DALLAS, April 13 -- Women with advanced congestive heart failure (CHF) live twice as long as their male counterparts, according to a study in today's Circulation: Journal of the American Heart Association.
Lead researcher Kirkwood F. Adams Jr., M.D., at the University of North Carolina (UNC), Chapel Hill, says that a woman has a survival advantage even if her CHF is as severe as a man's and she has had the disease for the same duration.
The study is significant because it challenges previous research findings suggesting that the survival advantage of women with heart failure over that of men might be due to differences between men and women in the type of treatment they received and the length of time they had the disease.

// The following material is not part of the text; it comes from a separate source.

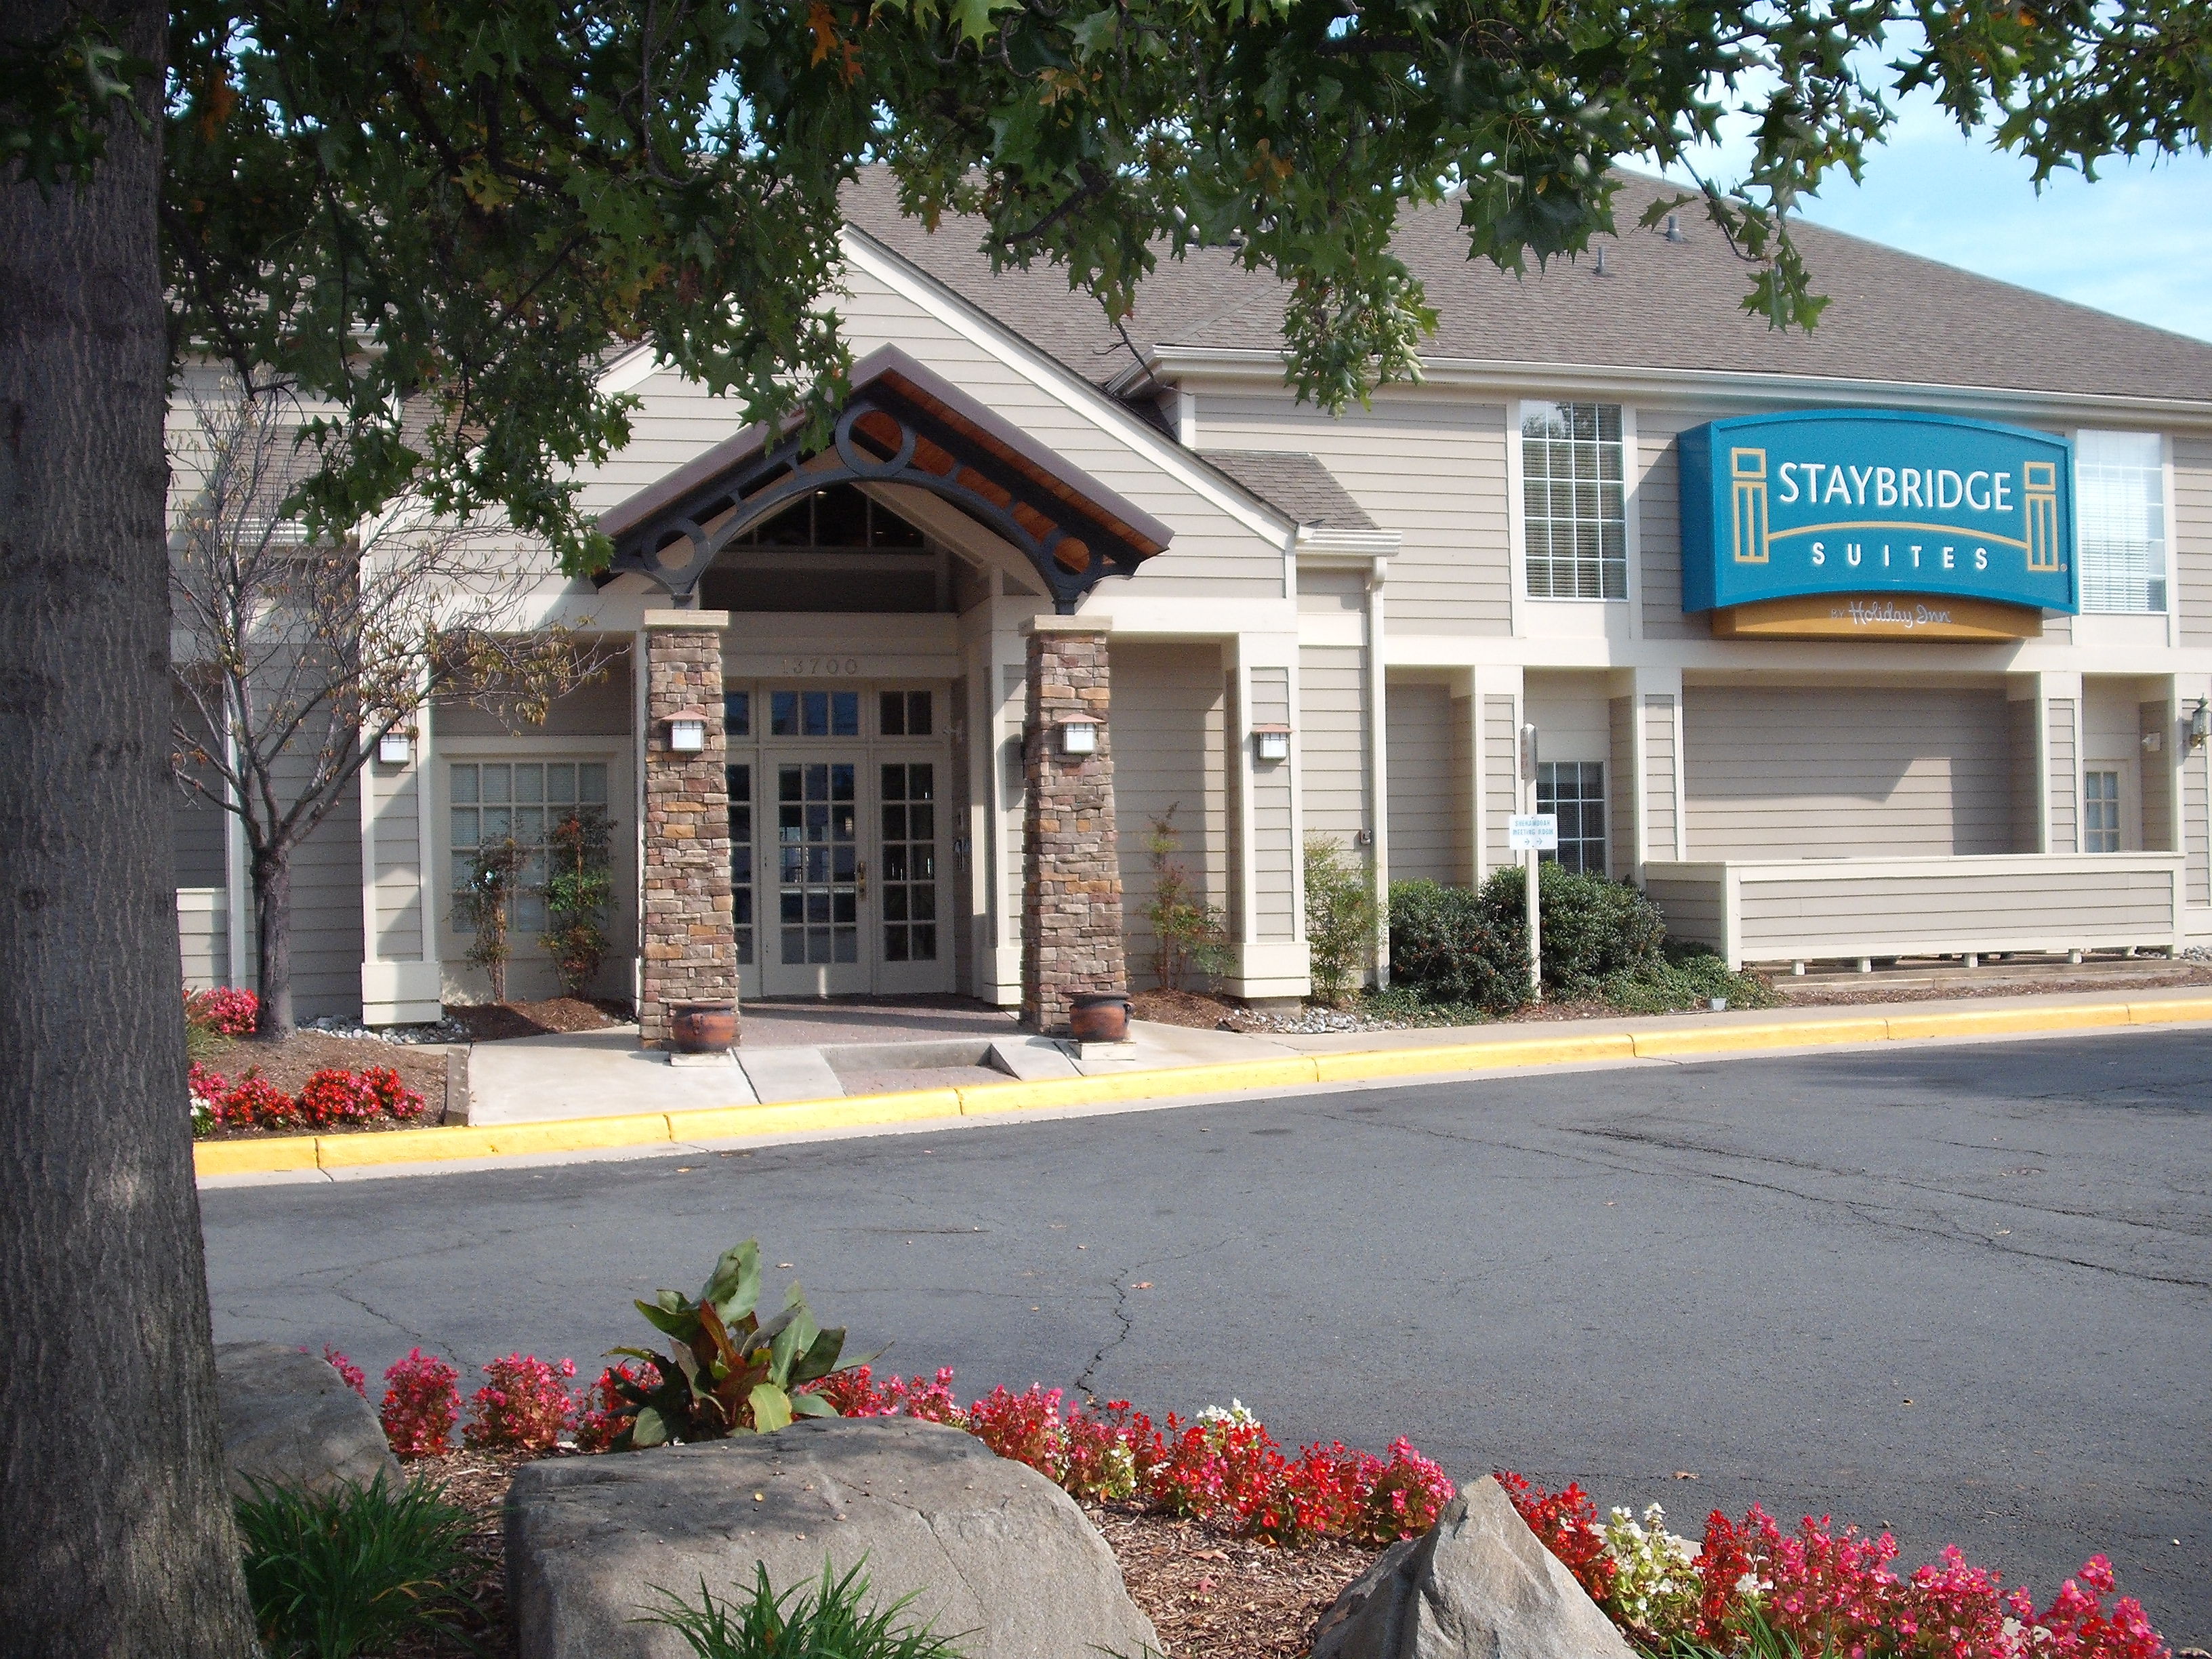 Photo of Staybridge Suites Herndon-Dulles, Herndon, VA

The only form of cardiovascular disease that is increasing dramatically in the population is congestive heart failure, a condition in which the heart cannot pump enough blood to meet the demands of the body. An estimated 4.6 million Americans have CHF.
"Our analysis also suggests that the trend for increased survival is strongest among a subset of patients --- those with CHF that is not due to ischemia, or lack of blood supply to the heart," says Adams.
Ischemic heart disease results from atherosclerosis caused by fat-laden plaque obstructions that develop in blood vessels. Nonischemic heart failure results from high blood pressure or other factors that can weaken the heart muscle.
Adams' study used data from the Flolan International Randomized Survival Trial (FIRST), which included 359 men and 112 women with "end-stage," or class IV, heart failure. After eliminating patients for whom baseline characteristics were not available, survival data on 331 men and 99 women were compared.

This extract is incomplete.